Work to complete: Write out, word for word, every line from the one where "Free poster designs" occurs to the final line of the entries, and nothing beyond them.

────────────────────────────────────────

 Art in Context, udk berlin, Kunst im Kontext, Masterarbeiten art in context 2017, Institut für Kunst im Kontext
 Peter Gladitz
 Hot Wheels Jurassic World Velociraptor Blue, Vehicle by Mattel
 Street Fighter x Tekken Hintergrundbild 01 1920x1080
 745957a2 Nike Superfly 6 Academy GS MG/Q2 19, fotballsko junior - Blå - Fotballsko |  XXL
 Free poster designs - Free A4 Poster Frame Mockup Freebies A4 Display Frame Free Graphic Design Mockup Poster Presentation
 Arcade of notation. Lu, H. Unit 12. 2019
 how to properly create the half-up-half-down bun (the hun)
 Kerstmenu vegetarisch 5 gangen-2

────────────────────────────────────────

Exercise response:
 Free poster designs - Free A4 Poster Frame Mockup Freebies A4 Display Frame Free Graphic Design Mockup Poster Presentation
 Arcade of notation. Lu, H. Unit 12. 2019
 how to properly create the half-up-half-down bun (the hun)
 Kerstmenu vegetarisch 5 gangen-2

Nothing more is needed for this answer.